Interdisciplinary Body is an artistic research, situated around the concepts of body and interdisciplinarity in the field of audiovisual arts, with the focus on the two types of cinema – fiction and non-fiction – on the one hand, and the subject of cinema – the body or the human portrayed – on the other hand. Both concepts converge themselves in the spectator, who is perceiving and therefore connecting with or reflecting at what s/he is watching. The relationship between the three elements: the portrayed body, the perceiving body and the discipline – is the focal point of the research.
In psychoanalytic film theories, often based on the studies of Jacques Lacan, the screen serves as a mirror, through which spectators identify themselves with the protagonists on the screen. The identification with the characters is often considered as the secondary identification, while the primary one is the unconscious identification with the camera. Next to this, the recent scientific studies discovered that we feel with our bodies everything what we see, prior to reflecting on it. This is possible due to the mirror neurons activated in our brains while watching an action and therefore mirroring it within own body: the neurons send signals to the muscles, making the difference between seeing and doing diffuse.
Considering the abovementioned cognitive and neurological ‘mirror’ notions, I aimed at establishing an audiovisual environment, in which I could study the ‘imperative relationships’ between the body on screen and that of the spectator. In which way does the gaze – a socially determined gaze – informs one’s perception? Which type of perception is more dominant: corporeal or cerebral? How is a filmmaker engaged into construction of a gaze?

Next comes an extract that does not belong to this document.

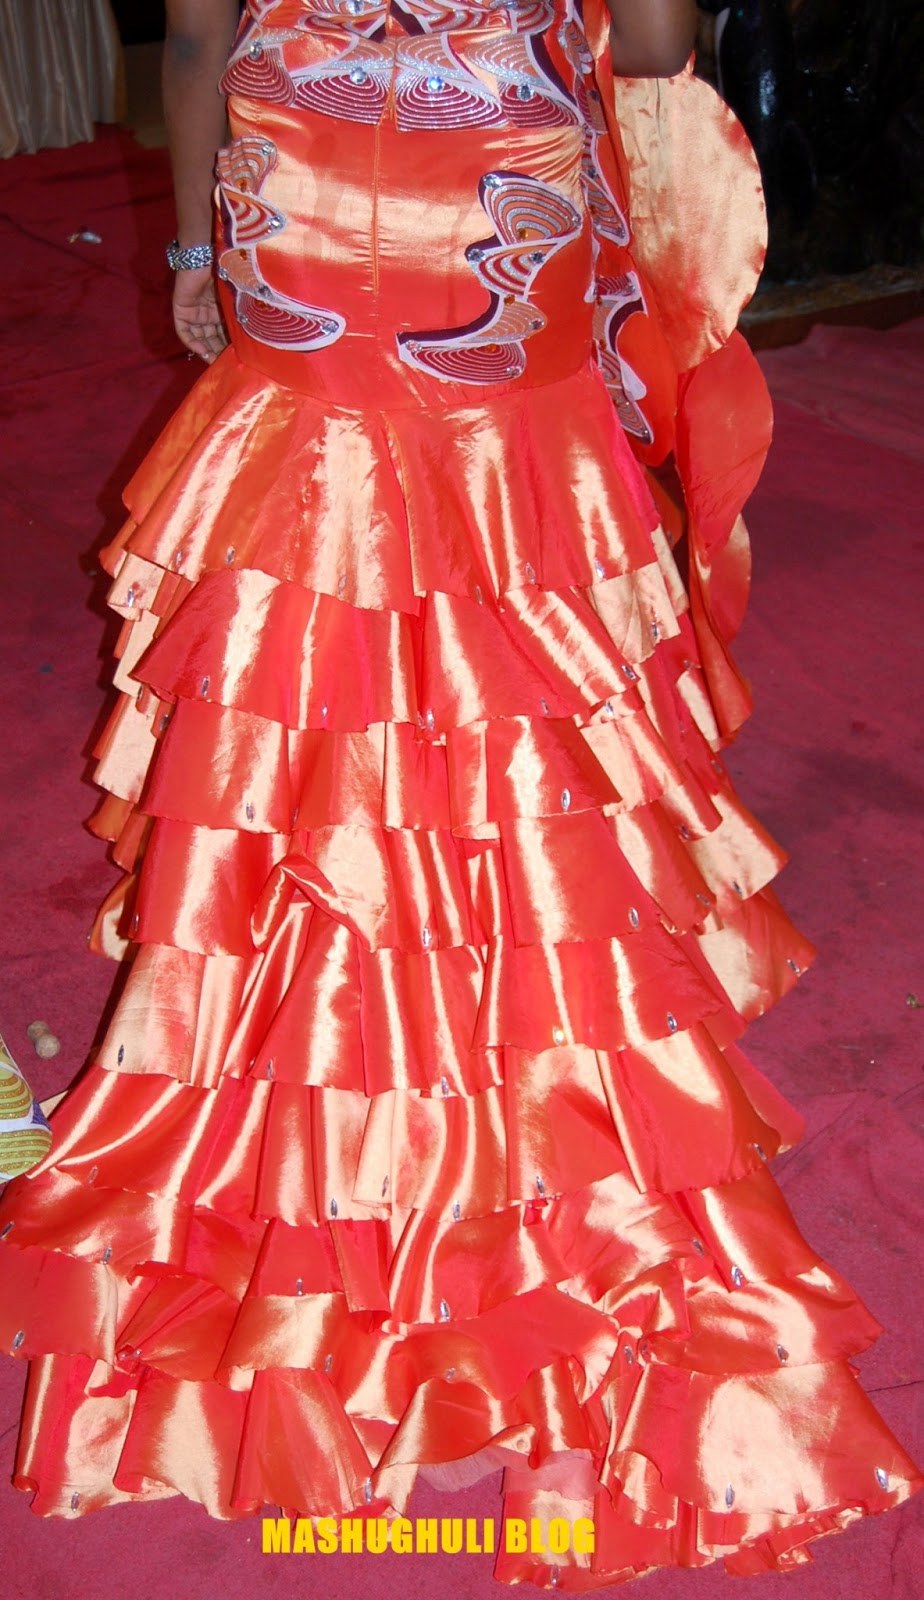 Aziza S Kitchen Party Mashughuli Blog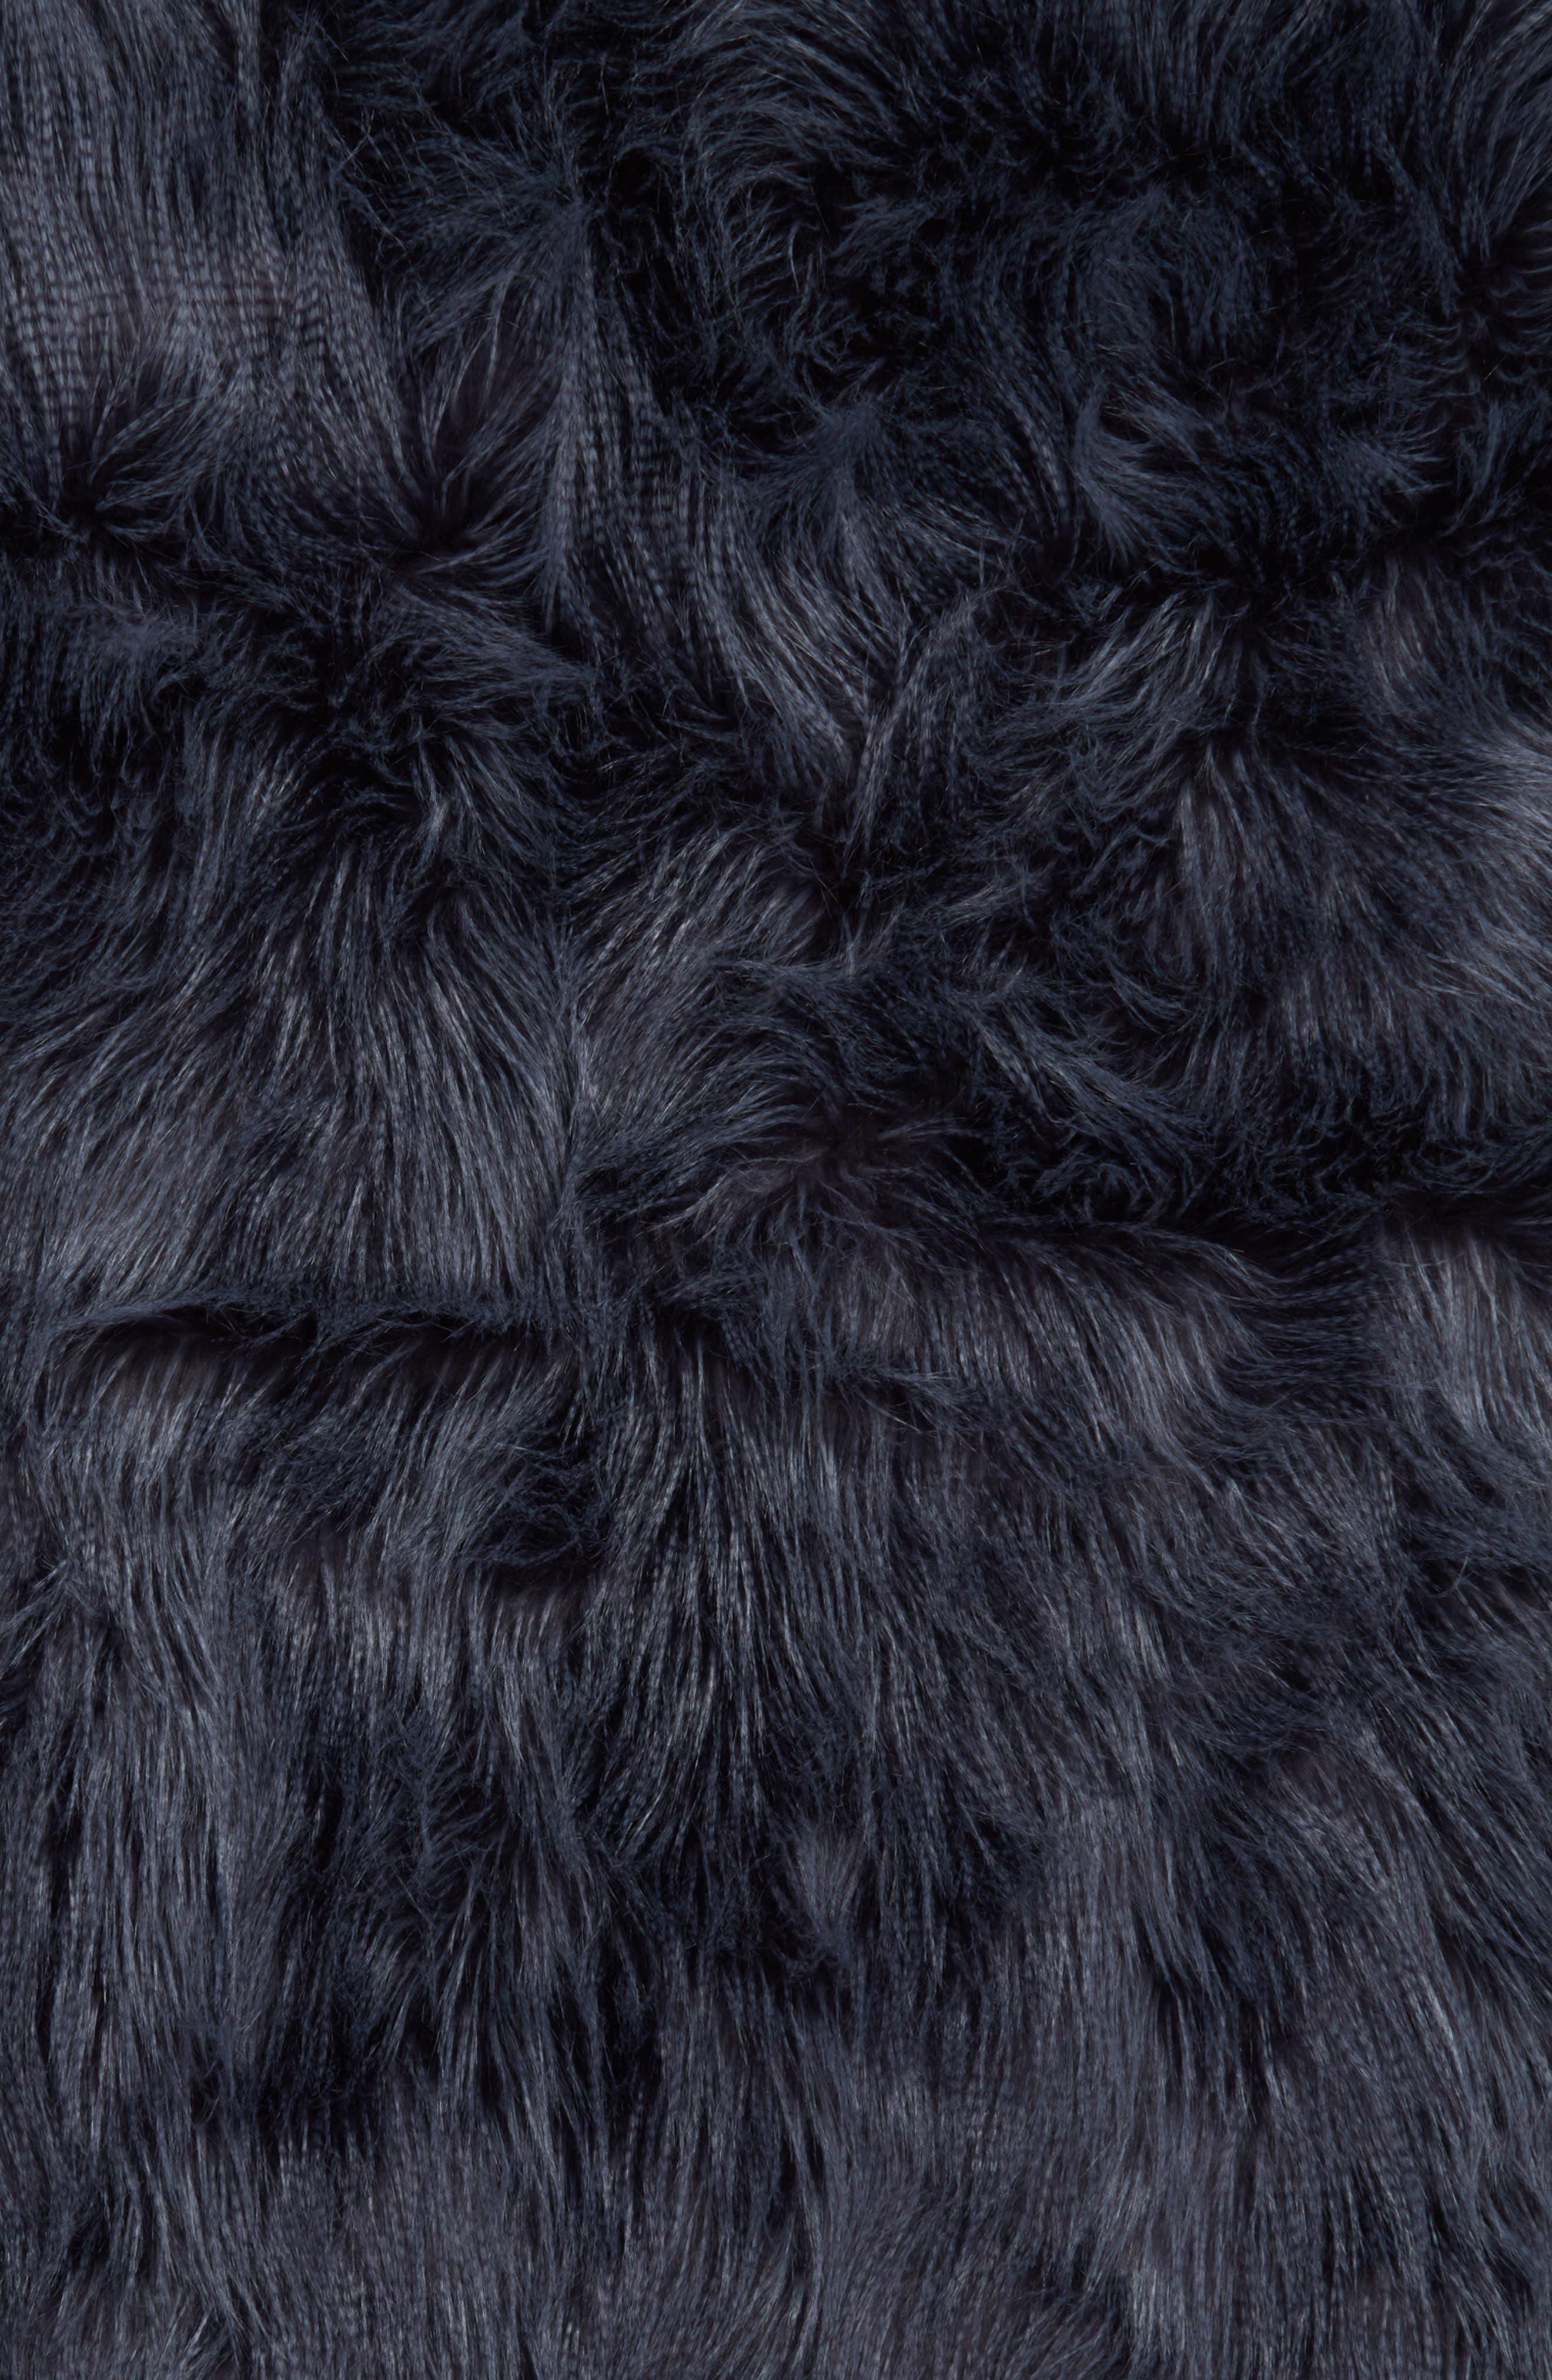 Fauna Faux Fur Throw Blanket,                             Alternate thumbnail 2, color,                             Navy Armada

The thematic focal point of this research is the notion of body as political metaphor, placed into extreme corporeal conditions (illness, death, suffering), as a way of explicit bodily non-narrative conveyance. In order to investigate the research questions raised above, I used the following methodological and technical aspects of filmmaking: haptic visuality, sensorial audio, disjunctive montage, multiple screens, essay forms. The general methodology of this research comprised ongoing series of various audiovisual experiments, such as video works and installations, two core projects – a documentary feature film and a fiction film installation for three screens. A written discursive part finalizes this research in which I mirrored the style and content of the artistic part by means of writing various essays in a collage-montage form, reflecting on the research questions.